As inflation increases across the supply chain, Asian oil refiners are getting morechoosy about where they get their crude from.
Sources with knowledge of the matter said that Saudi Aramco will supply full contract volumes of oil in September. When an exporter allocates the full amount of a contract, traders think it's in line with demand A cut in the allocation would show a decline in demand, while an increase would show an improvement.
The oil price has fallen below $100 a barrel and is close to the multi-year highs of March.
This is the second month in a row that the full amount has been given to its North Asian customers, which include China.

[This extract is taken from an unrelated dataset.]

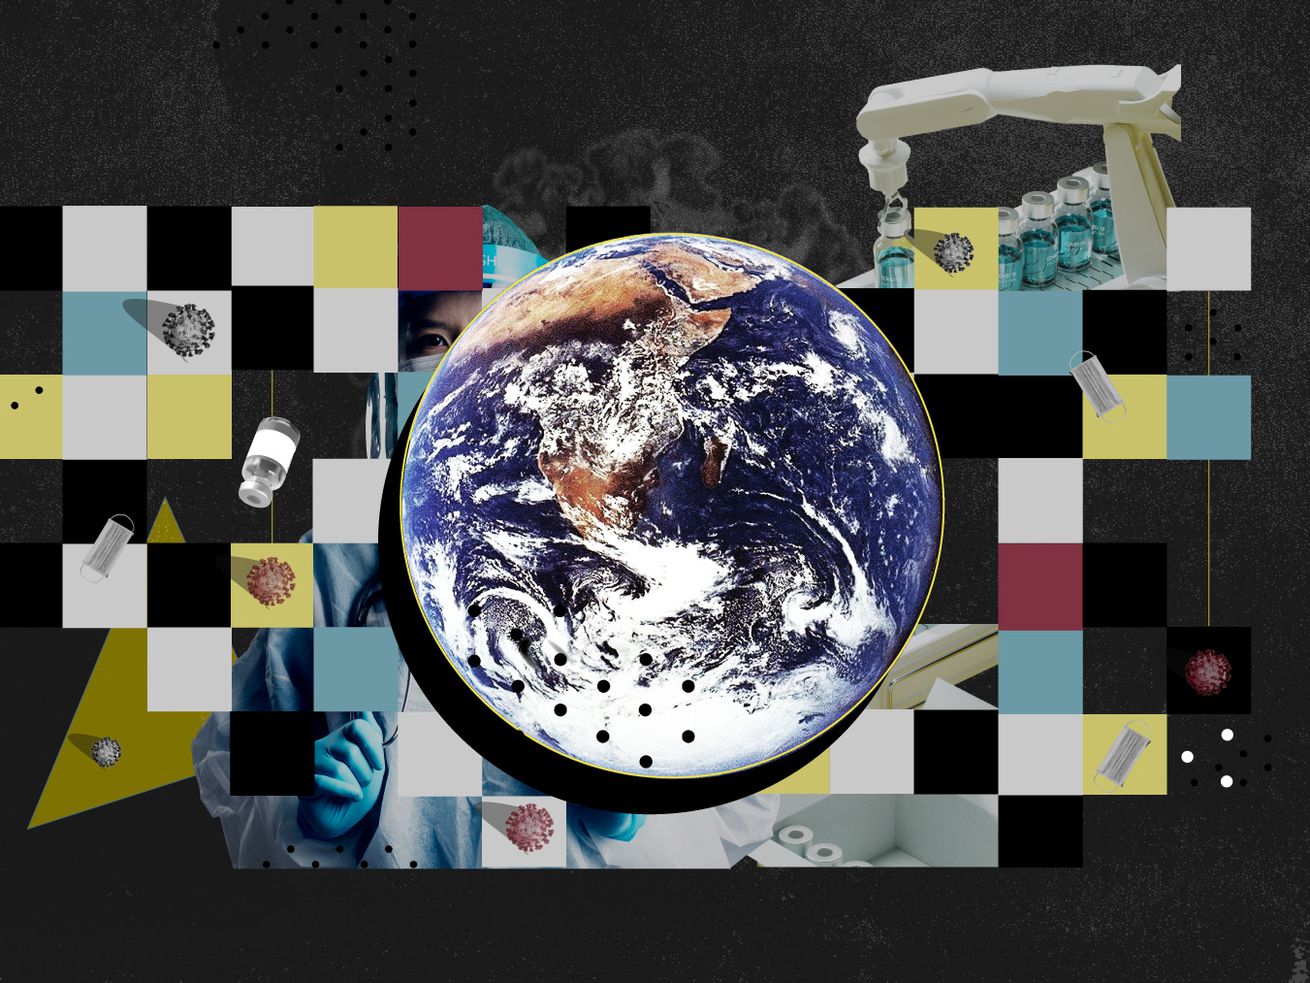 A photo collage of the earth from space against a checkered background with pandemic related imagery.

The data showed that Russia's oil exports to China and India were 30% below their wartime peak.
Ed Moya, senior analyst at OANDA said in response to Saudi Aramco allocating the full amount of crude that demand is clearly weakened due to widespread inflation.
Saudi Arabia raised prices for Asian buyers to near record highs for August deliveries, reflecting some of the squeeze on supply as producers everywhere rush to fill any gaps left by a drop off in Russian exports after Western sanctions
Lower margins for products such as gasoline, diesel and jet fuel are making them morechoosy about where they get their crude. According to reports this week, Asian buyers are buying cheap US crude as traditional Middle Eastern blends are starting to look a bit more expensive.
Roughly double what they bought the previous month, South Korea and India have purchased 16 million barrels of US crude this month.
After Russia invaded Ukraine, countries like China and India took advantage of cheap Russian exports that had fallen out of favor with Europeans. This has raised the price of Russia's oil and buyers are once again looking for a better deal.
Saudi Arabia is on track to reach its highest level of total exports since April 2020 due to a surge in China's oil imports. With restrictions back in place, it is taking a toll on crude demand.
The outlook for China is a big driver of Asian crude demand.
China is the largest energy buyer and its imports make up 10% of total demand. Analysts said that the cost-conscious refiners aren't so keen to get barrels off the global market.
Emma Li, chief market analyst at Vortexa said in a recent report that "China's crude flows have picked up since Q2 as Chinese refineries are drawing crude from other provinces instead of buying it from the international market."
Other factors could be in the mix according to the analyst. Saudi Aramco has the ability to supply more crude now and selling more at higher prices is profitable for them.